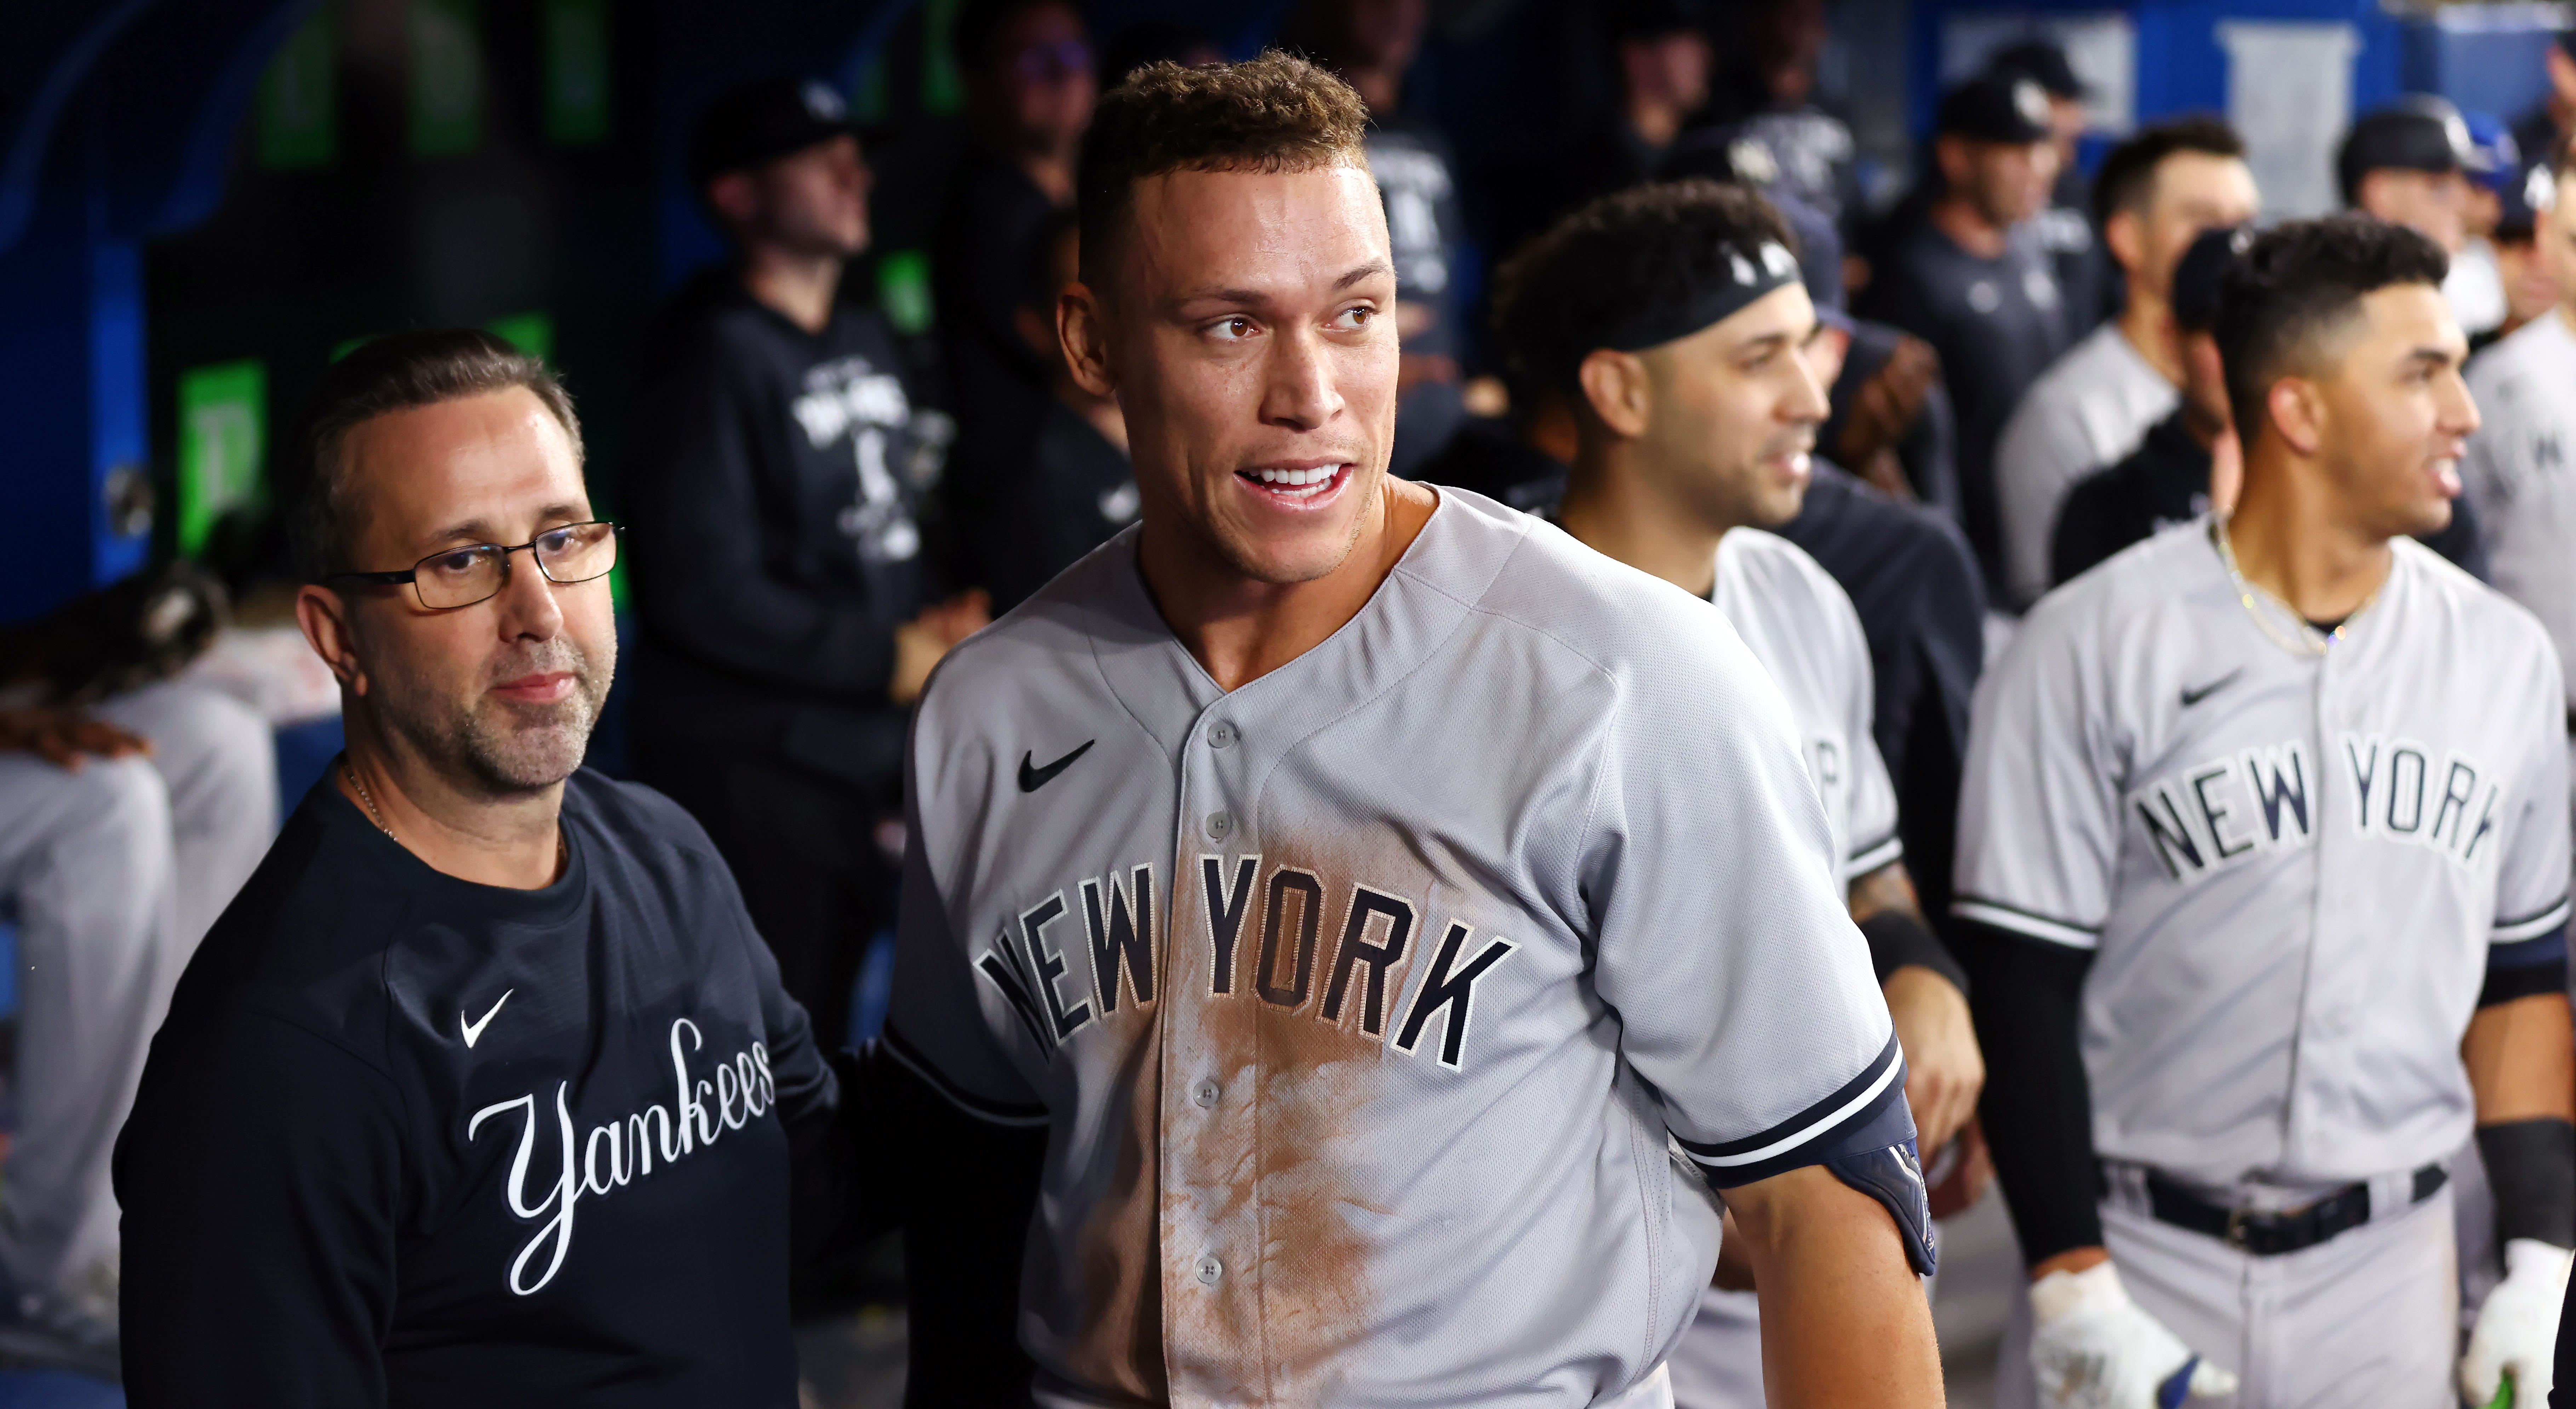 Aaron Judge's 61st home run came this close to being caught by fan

---

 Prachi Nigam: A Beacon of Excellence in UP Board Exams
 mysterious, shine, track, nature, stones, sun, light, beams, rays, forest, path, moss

--

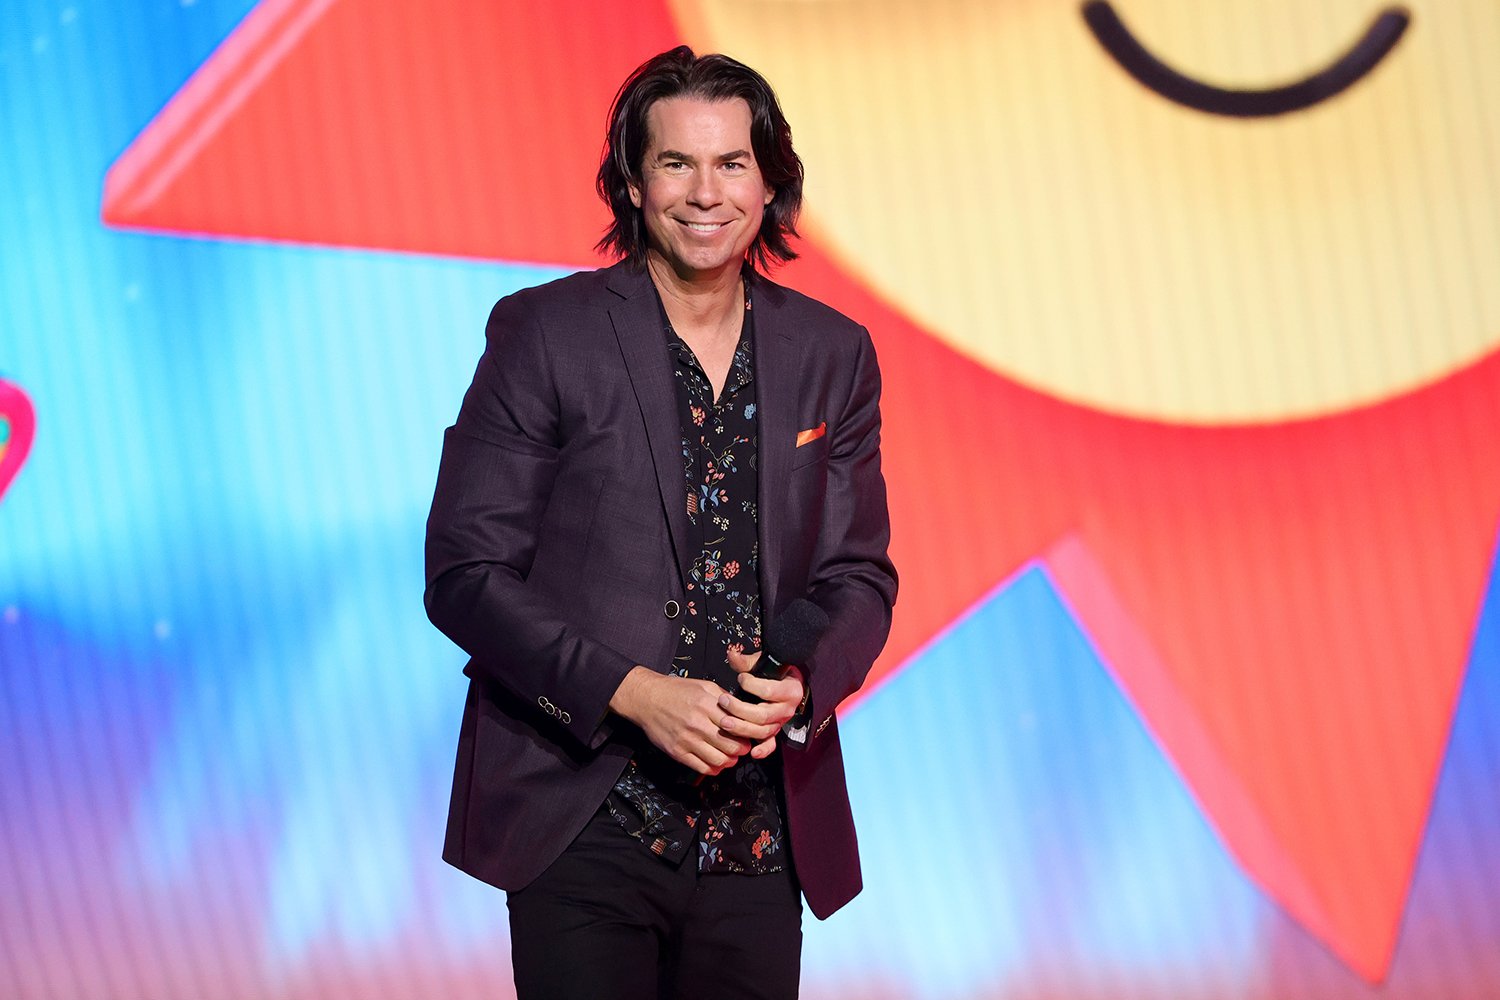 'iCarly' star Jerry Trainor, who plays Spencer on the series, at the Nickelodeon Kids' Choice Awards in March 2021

What this task involves
All that belongs in the answer is the run of lines above from the line containing "Prachi Nigam: A" through the line containing "forest, path, moss", exactly as written.

Result of the task
 Prachi Nigam: A Beacon of Excellence in UP Board Exams
 mysterious, shine, track, nature, stones, sun, light, beams, rays, forest, path, moss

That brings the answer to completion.